Cool-down of cryomagnet

A cryomagnet is initially cooled with liquid nitrogen then cooled with liquid helium, which may be in separate reservoirs. All operations are assumed to be finished within one hour. The liquid nitrogen loss rate is 20% of the volume of the reservoir, and the liquid helium loss rate is 50% of the volume of the reservoir. Based on cool down of a Quantum Designs Magnetic Property Measurement System on 10/26/09, 76 L of LHe is needed to cool and fill a 56 L reservoir. LN2 loss rate is an estimate and is probably too high since liquid nitrogen has a high heat of vaporization.
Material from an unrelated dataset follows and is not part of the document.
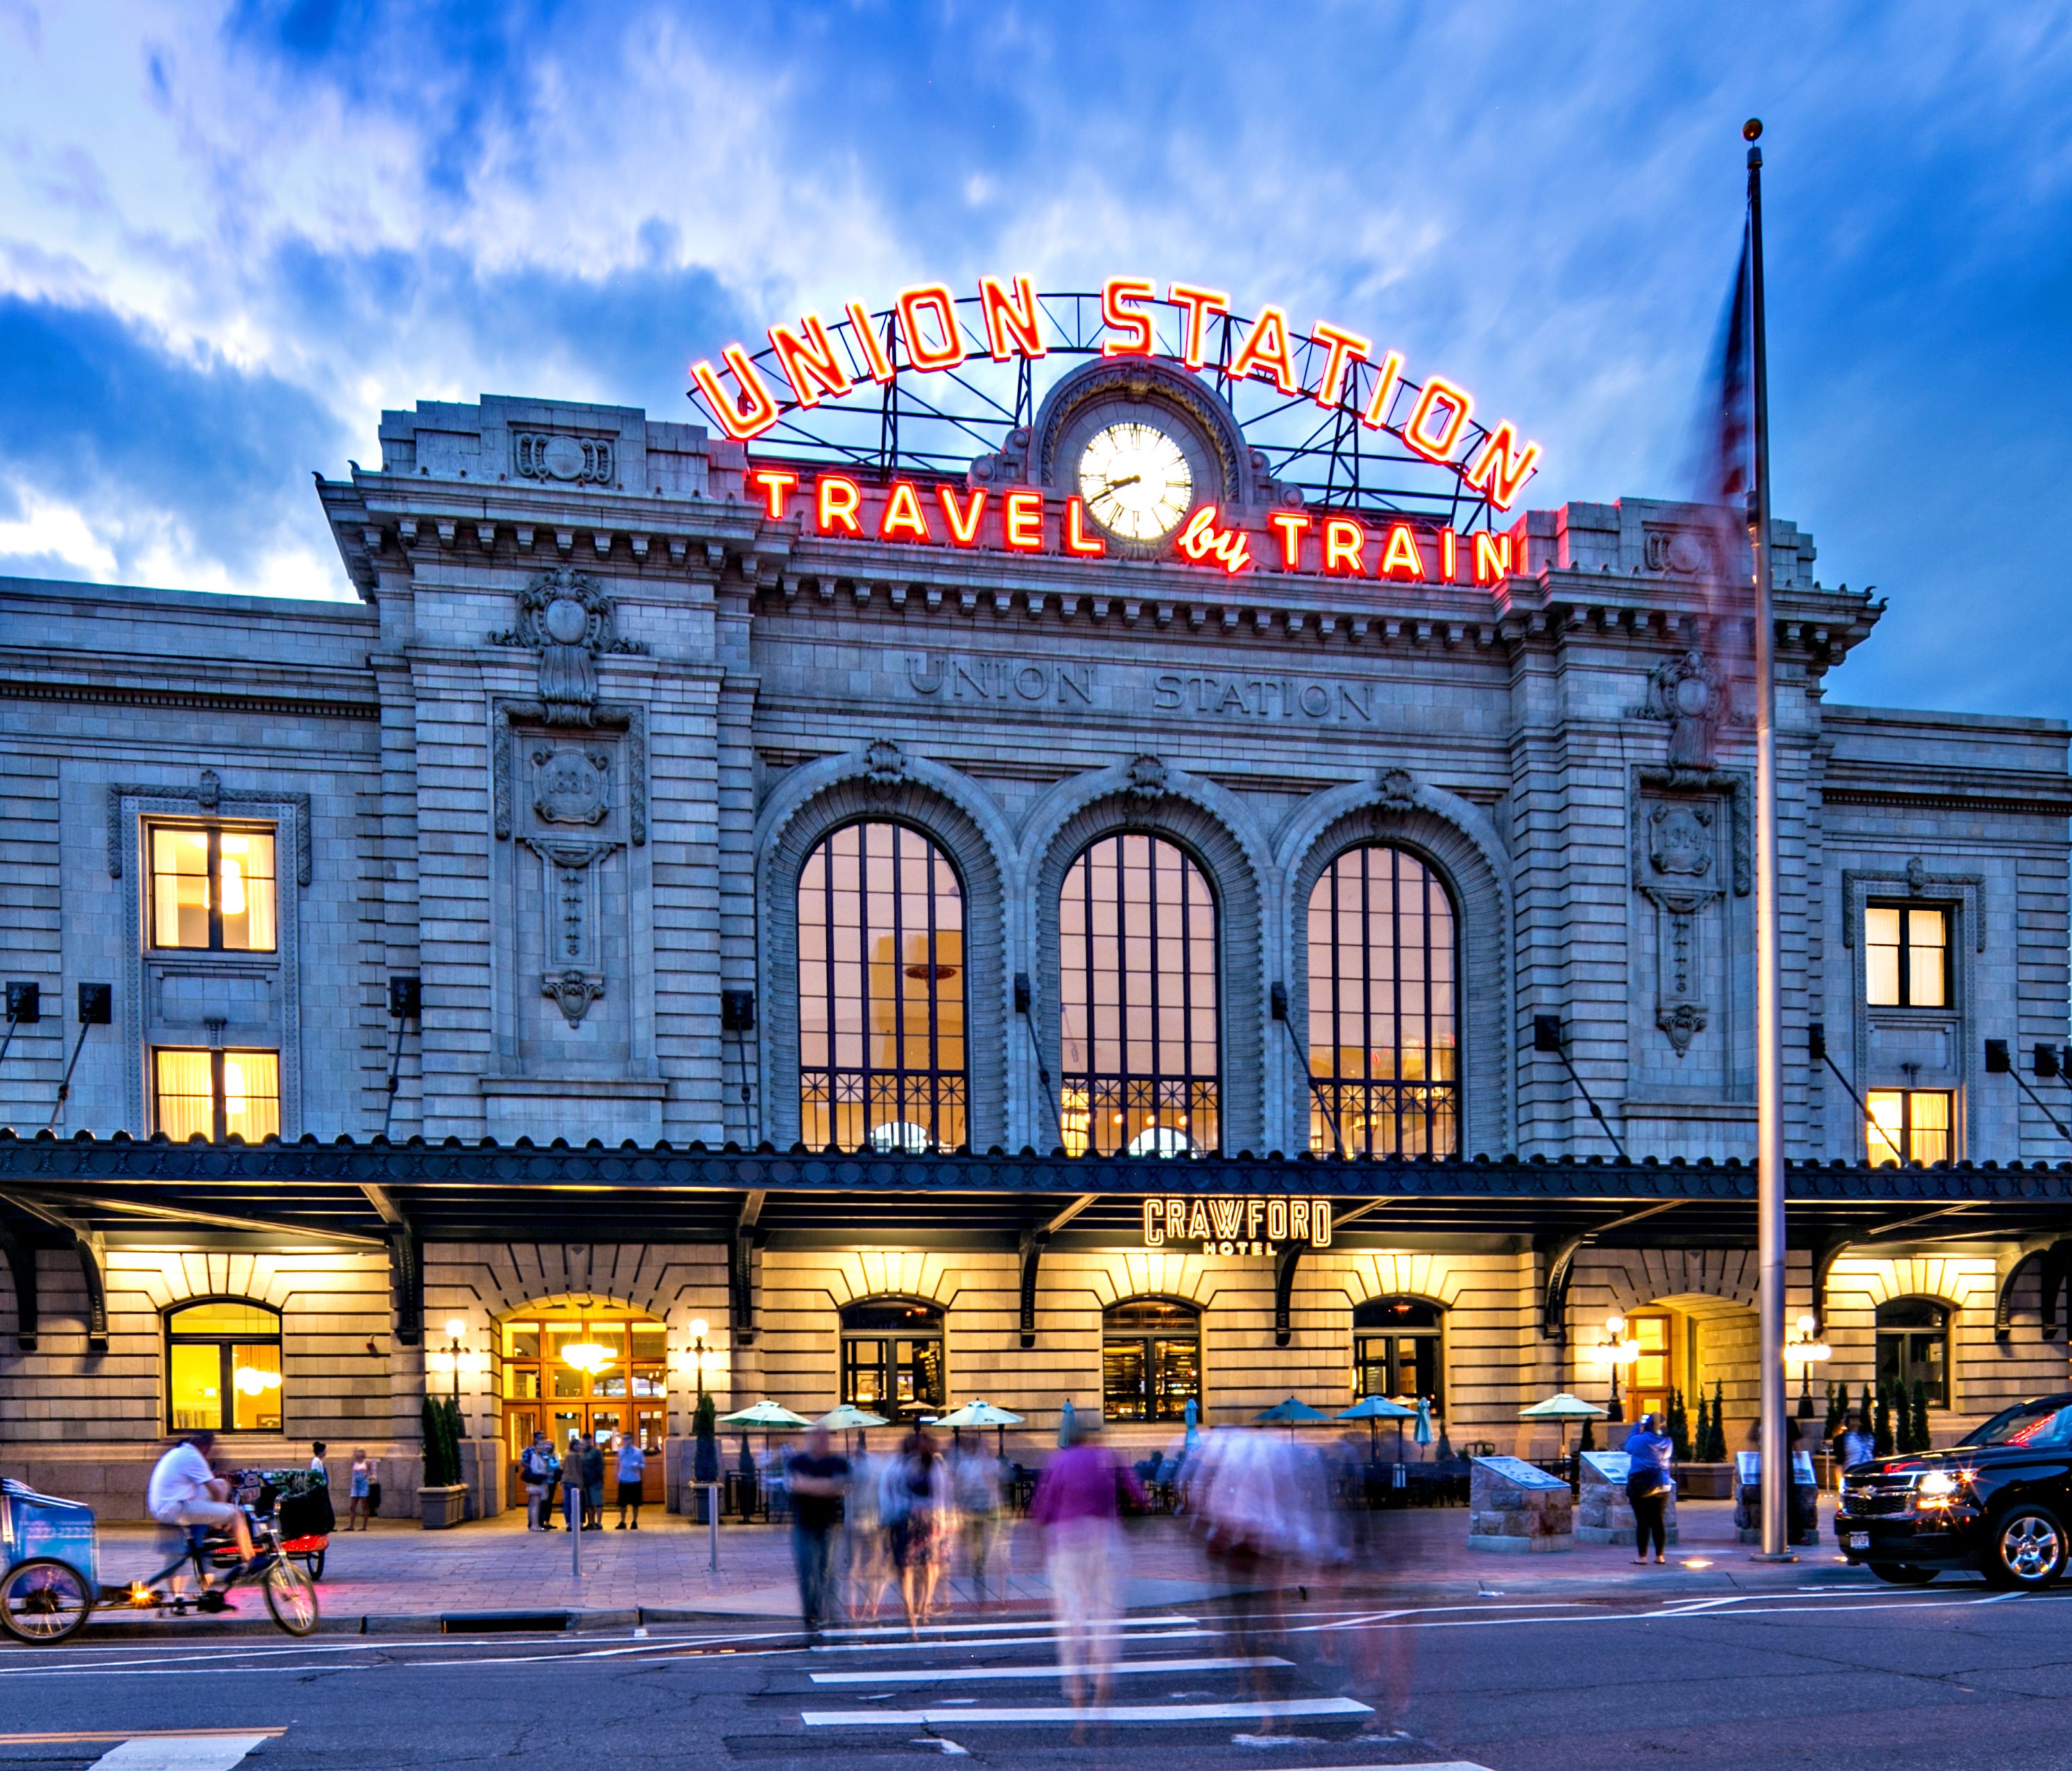 Denver Union Station: One hundred years after the original grand opening, a revitalized, restored and reinvigorated Denver Union Station reopened its doors in 2014, solidifying its position as the region's premier multimodal transit hub and becoming 
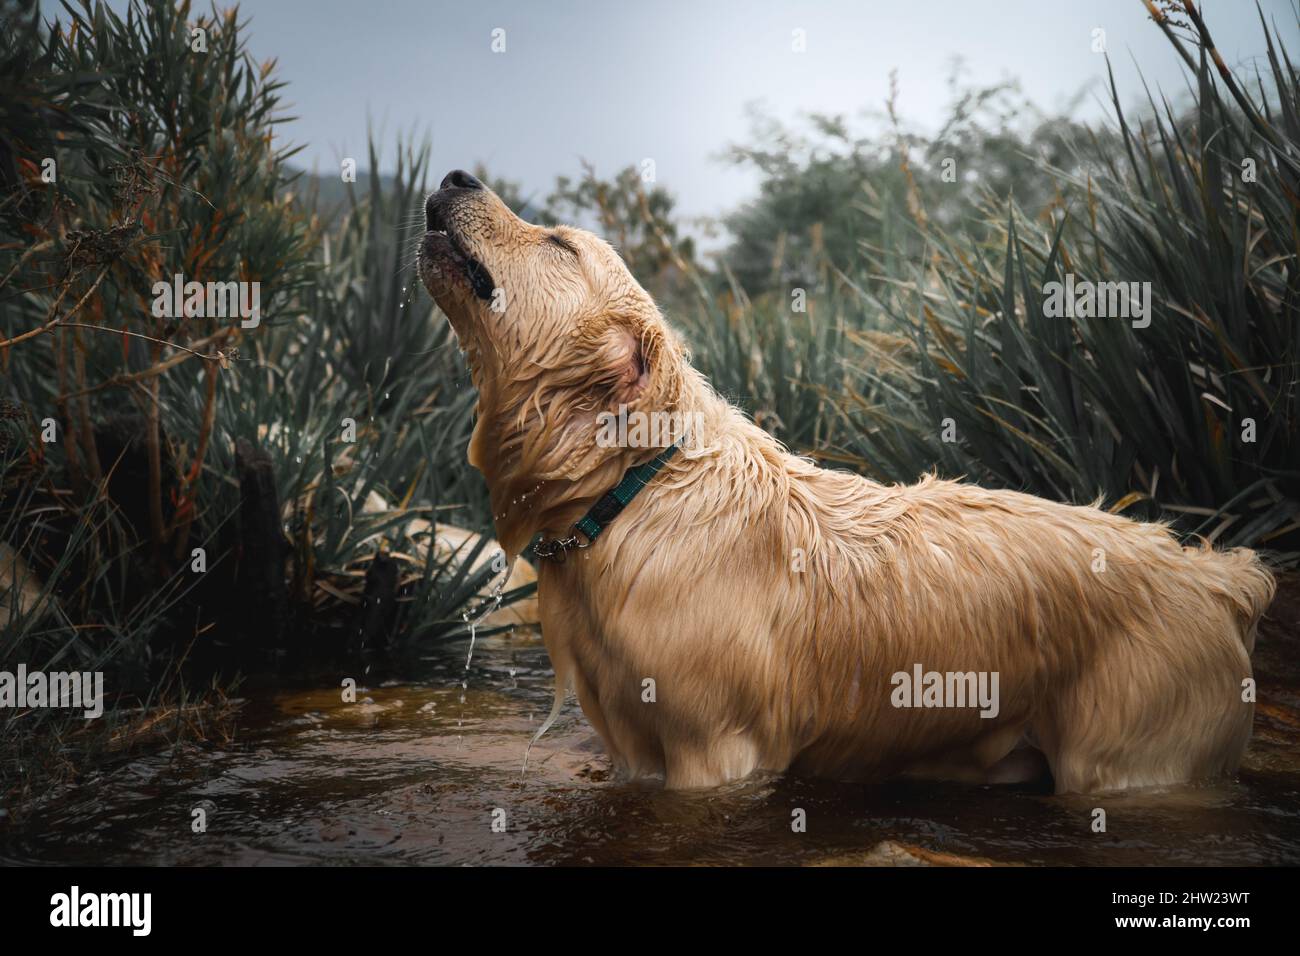 Golden retriever howing with excitment as he plays in the pond. beautiful dog in nature, retriever taking a swim. Stock Photo

Nonroutine scenarios: power outage

The assumption is that power is lost to a building (especially a bio lab containing freezers with liquid nitrogen backup) for 8 hrs before someone notices (this may not be a very plausible scenario). All of the nitrogen evolved from storage dewars and the nitrogen used to cool down the freezers evaporates into the lab. The rate of liquid nitrogen use for freezer backup was obtained from Fisher and So-Low and is 7 lbs/hr and 11.6 lbs/hr for 13 cu ft and 25 cu ft –80 °C freezers, respectively. The assumption is that this event happens every two years, which is grossly conservative; this scenario is not plausible in the absence of an earthquake (p=5.7x10-5/hr).

Transfer dewar spill

Transfer dewar is knocked over and all cryogen evaporates into room. The assumption is that this event happens approximately four times per year (p=4.6x10-4/hr).

Complete failure of dewar

Dewar fails (valve is snapped off) and all cryogen is lost into room and evaporates in an hour. Failure rate is from Fermilab for failure of vacuum jacket of dewars (p=1x10-6/hr). This is in good agreement with our observations of one failure in 10 years among ~10 dewars in the 70/70A complex (p=1.14x10-6/hr). The oxygen level is calculated for the largest dewar that can fail, and the probability is multiplied by the total volume of stored cryogen divided by the volume largest dewar to account for the probability of other dewars failing.

Magnet quench

Cryomagnet ceases to be superconducting and boils off helium equivalent to the stored energy (heat of vaporization 0.0845 kJ/mol). If the stored energy is unknown, all of the helium in the jacket is assumed to be vaporized. Vaporization of liquid nitrogen is not an issue due to its much higher heat of vaporization (5.6 kJ/mol), which means that 66 times less nitrogen would be released than helium. Failure rate is from Fermilab (p=1x10-6/hr).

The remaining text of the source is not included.